I have been debating for the last several hours about posting this rant on here. I finally decided I would just do it.
I’m a bit pissed off right now. So I will try to keep my ranting to a bit of a minimum, but understand I make no promises.
Can anyone tell me why it is the people in our lives that should not judge us, that should love us, accept us and encourage us the most that end up being the ones that hurt us the most? Don’t get me wrong, I have some pretty great people in my life that love me and accept me just the way I am. But it’s those few that don’t that cause the most pain.
As most of you know I have two little girls, 9 and 7. Both gorgeous, yes I am biased..lol Neither one of them are big by any means. Both are very active and vivacious. I am telling you this because my 9 year old told me something this morning that happened yesterday while she was out with her Daddy running errands.
She was eating her snack and was told that it was unhealthy and she said she knew, so this person asked her “What, you want to be fat like your mother” my daughter looked at her and said my mom’s not fat.
Needless to say, there was hellfire in my house this morning when I found out. How dare she make my child feel the need to defend me. How dare she disrespect me and my family like that to my 9 year old! What fricken planet is she living on that this is acceptable?!
This person is related by marriage. I won’t say specifically who…
If for some reason you find your way to my blog…you know who you are. I won’t name names, I don’t need to.
If you have someone in your life that is demeaning, rude, cynical and critical, squash them like the bug they are. The damage that they do is like a termite. You don’t realize how much damage has been done until the walls are to weak to stand.
I am curvy, I am big, I am beautiful…my daughters are beautiful, regardless if they end up thin or they end up big. I don’t feel that putting them down at this age is helpful or necessary. Hell for that matter…it isn’t helpful or necessary at any age!
If we all conform to what others think is ‘acceptable’ or ‘normal’ or ‘right’ we would all look the same, talk the same and act the same.

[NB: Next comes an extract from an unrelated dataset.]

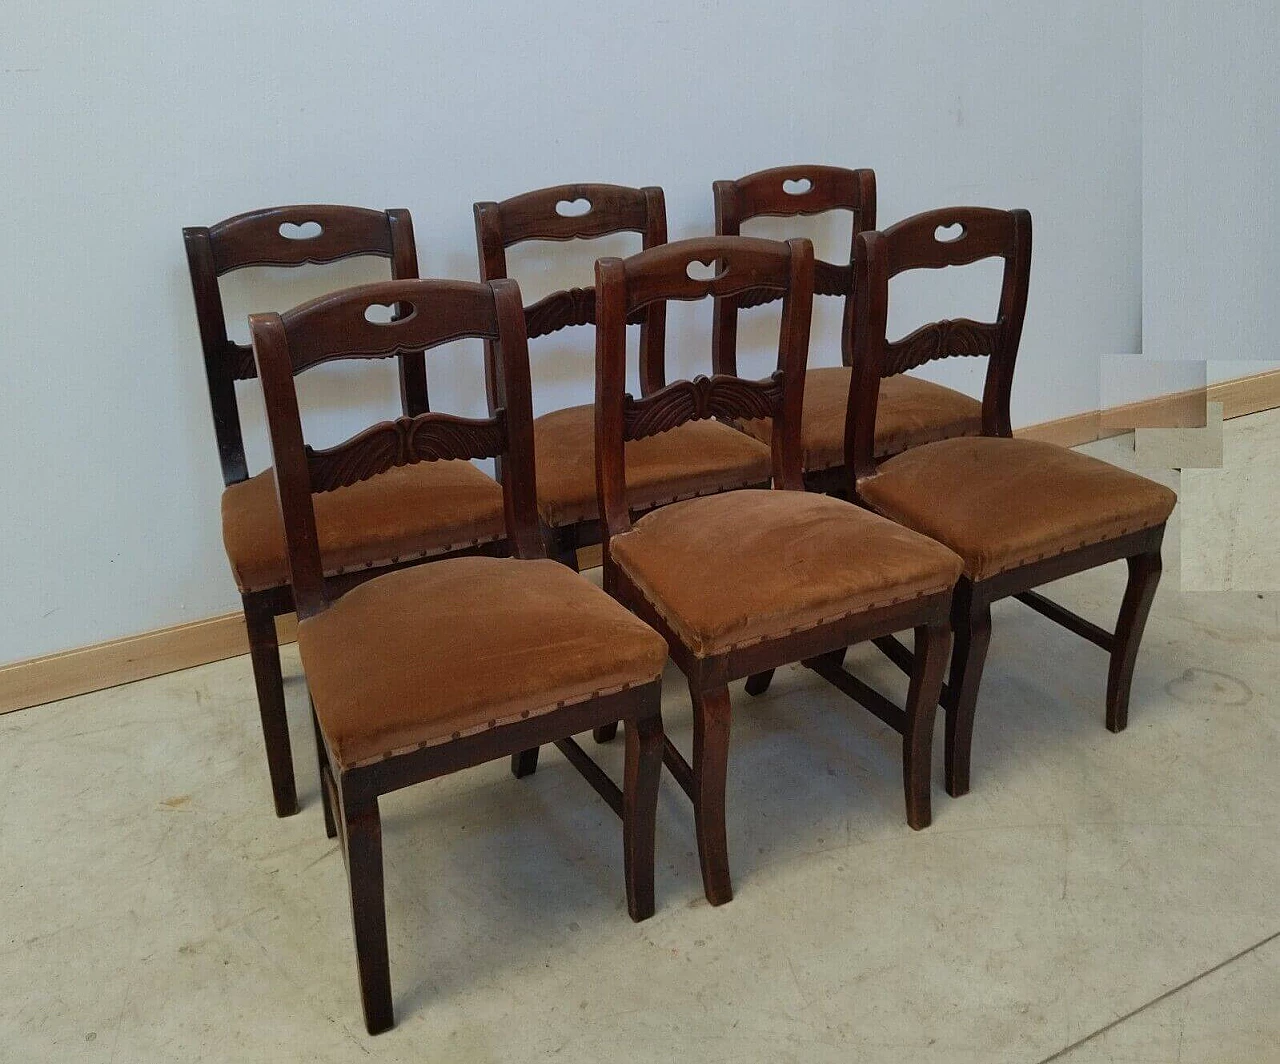 6 Empire-style walnut chairs, early 19th century 2

I’m sorry…I don’t want to fit in society’s box of perfect.
I have days where I wish I had another body, one that was thin and beautiful. I have days where I wish I had done things differently in my life…but you know what. This is me. Acceptance has to start with ourselves. As cruel as people can be, we have to love ourselves, we have to know that regardless that we aren’t perfectly thin, that we have curves, that we are big, we are still beautiful.
Criticism in this fashion is hurtful…Not helpful. If you have someone in your life that is plus sized, that is full figured and curvy, tell them that they are beautiful today. Don’t tell them to put that french fry down, or that soda, just tell them they are beautiful. It’s encouragement enough.
Love yourself, accept yourself, and put a filter on your ears and your heart for the termites you have in your life. They aren’t worth the pain and destruction they cause.
Always..Big, Bold and Absolutely Beautiful!